At this moment I am filled with the excitement and inspiration only a really good book or movie can elicit. I recently joined Blockbuster Onine and spent the better part of last Saturday night, combing through the various genres and picking out movies that either have been on my To See List or looked interesting and appealing enough to take a look. The hard part was ranking them as to which would come first, second, third, etc. I easily came up with 100 movies , including several documentaries and a few musical selections. I have a feeling I am going to be turning on the TV set a lot more often than I have been and it will be set on DVD, not TV.

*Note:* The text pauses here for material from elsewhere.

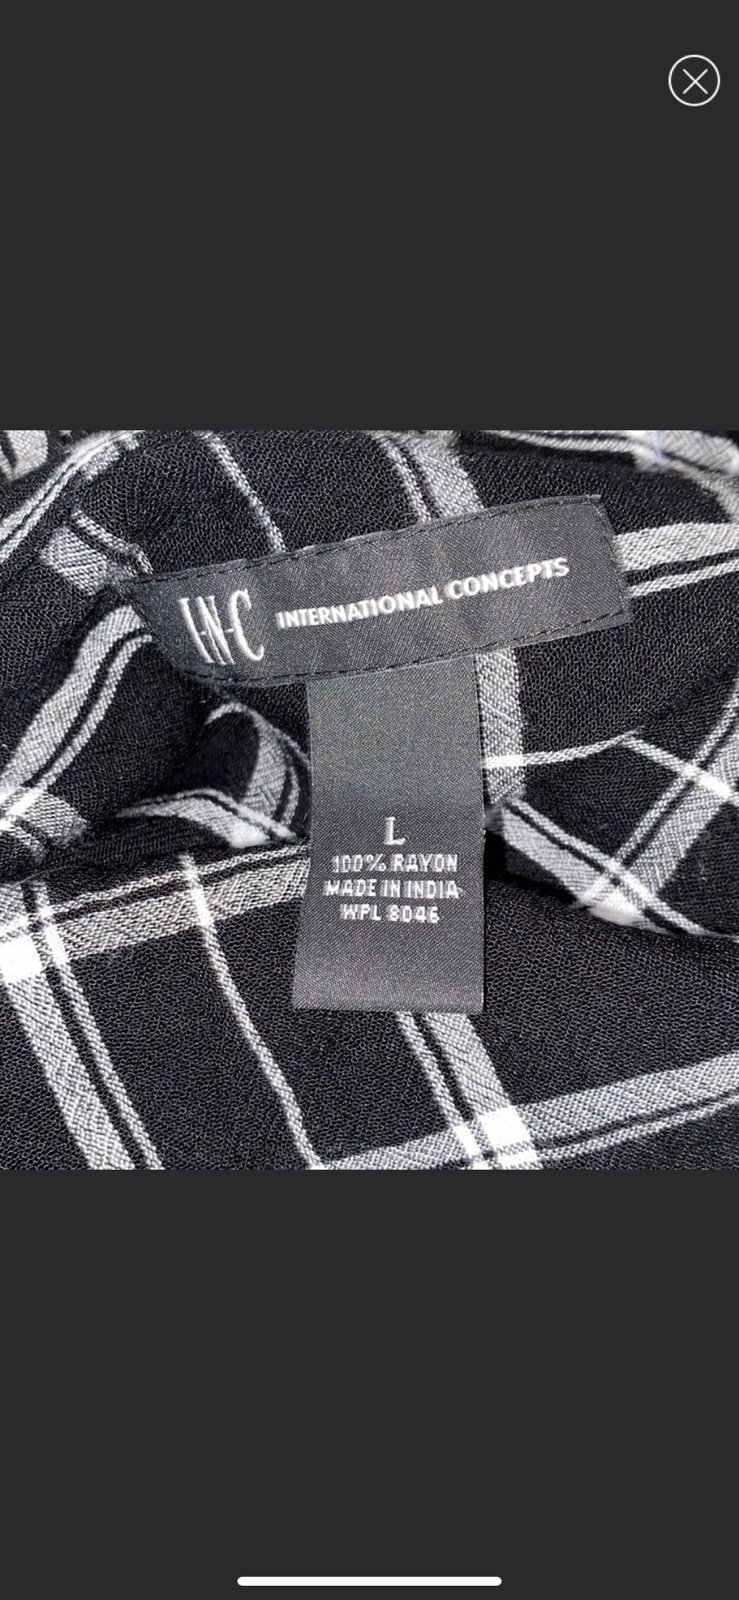 large discount INC International Concepts snap button western black & white top size large pDO05vdgm for sale

The first on my list was MAD HOT BALLROOM. This movie experience was one of those for which you say afterwards, I laughed, I cried, I shouted out loud and I sat very still. I LOVED THIS MOVIE. It has within it elements of drama, humor, insight, and fun. What it is, is a documentary which came out in 2005 and was nominated for the 2005 National Board of Review Best Documentary, Broadcast Film Critics Association Best Documentary, and Chicago Film Critics Association Best Documentary. It should have won at least one of those. One movie critic said, " Director Marilyn Agrelo’s “Mad Hot Ballroom” is the best documentary bar-none since 1994’s seminal basketball saga “Hoop Dreams.” These kids, at the raw age of 11 (fifth grade,) are changing in ways that they don't quite undersstand and as the reviewer says, "they are right in the middle of a growing period where it’s hard enough to look the opposite sex in the eye let alone dance with them cheek to cheek." Yet,
DANCE, DANCE DANCE they do!!!
While watching this movie you experience a kind of hopefulness that is all to often missing in most forms of media, when it comes to discussing inner-city youth. You find yourself rooting not only for the best dancers, but for those that look so cute, you just want to hug them and for those who are maybe, a little too fat or funny looking and yet there they are dancing with self-pride and great, contagious smiles that leave you, yourself, sitting in your seat smiling so broadly, you catch yourself feeling just a little self-concious (unlike the kids who are beaming with pride.) You also find yourself, if you are anything like me, sharing with the parents and teachers of these kids, what can only be called "nachas" (there is no word in English that expresses what the Yiddish can, but the best translation might be: Naches - Joy: Gratification, especially from children. ) So, you could say there were moments in this film that I was bursting with "nachas" watching these kids dancing the Merengue and the Fox Trot and the Rumba, not to mention the Tango and Swing. It was so exciting to share in the excitement, trust and joy that the teachers and principals derived from the kids. And to watch these street wise kids speaking sometimes in Spanish and broken English and at the age of 11 about sex, and relationships and marriage and education and hopes and dreams, well, you might think, "out of the mouths of babes", but that would be demeaning in this case, because these kids talked openly and frankly and honestly about things we adults wish we could say, but often can not.
So, yes, I hightly recommend that you rent this movie. In fact, you may just want to save yourself the rental fee and purchase it right from the start, because I'm fairly sure that is what you will want to do after you see it.